Question

What is the gravitational force between two objects of masses \( m_1 = 10 \, \text{kg} \) and \( m_2 = 20 \, \text{kg} \), separated by a distance of \( r = 5 \, \text{m} \)? (Gravitational constant \( G = 6.67 \times 10^{-11} \, \text{N m}^2/\text{kg}^2 \))

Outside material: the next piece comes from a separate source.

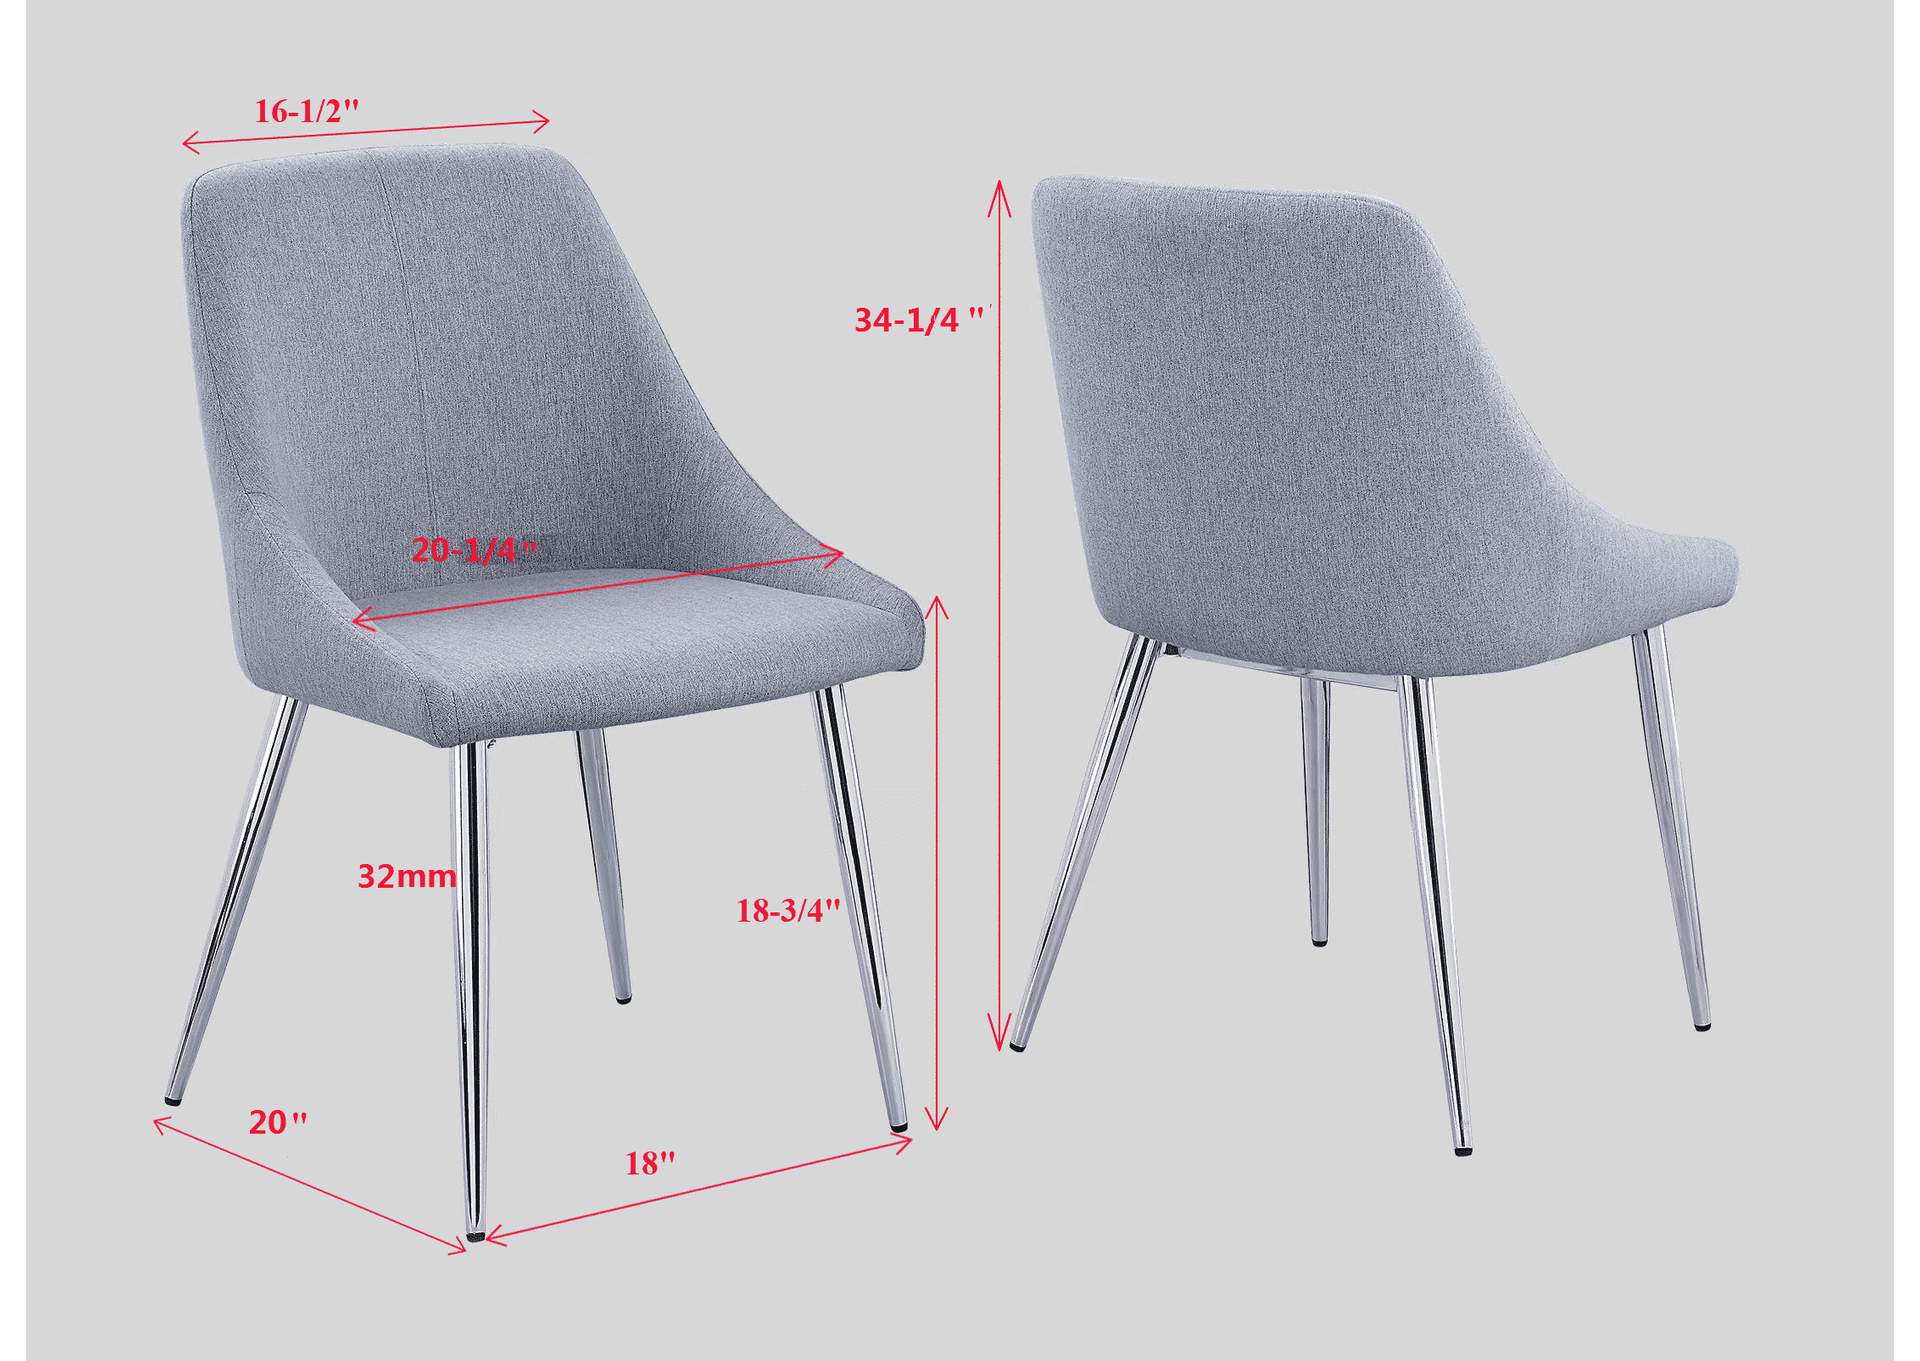 Tola Dining Chair,Crown Mark

• A. \( 1.33 \times 10^{-9} \, \text{N} \)
• B. \( 2.67 \times 10^{-9} \, \text{N} \)
• C. \( 4.67 \times 10^{-9} \, \text{N} \)
• D. \( 5.33 \times 10^{-9} \, \text{N} \)

Hint:

Remember: Gravitational force decreases with the square of the distance between the objects, as described by \( F = \frac{G m_1 m_2}{r^2} \).

Answer 1

The Correct Option is A

Step 1: Use the formula for gravitational force \[ F = \frac{G m_1 m_2}{r^2} \] Given: - \( m_1 = 10 \, \text{kg} \) - \( m_2 = 20 \, \text{kg} \) - \( r = 5 \, \text{m} \) - \( G = 6.67 \times 10^{-11} \, \text{N m}^2/\text{kg}^2 \) Substitute the values into the formula: \[ F = \frac{(6.67 \times 10^{-11}) \times 10 \times 20}{(5)^2} = \frac{1.334 \times 10^{-9}}{25} = 1.33 \times 10^{-9} \, \text{N} \] Answer: Therefore, the gravitational force between the two objects is \( 1.33 \times 10^{-9} \, \text{N} \). So, the correct answer is option (1).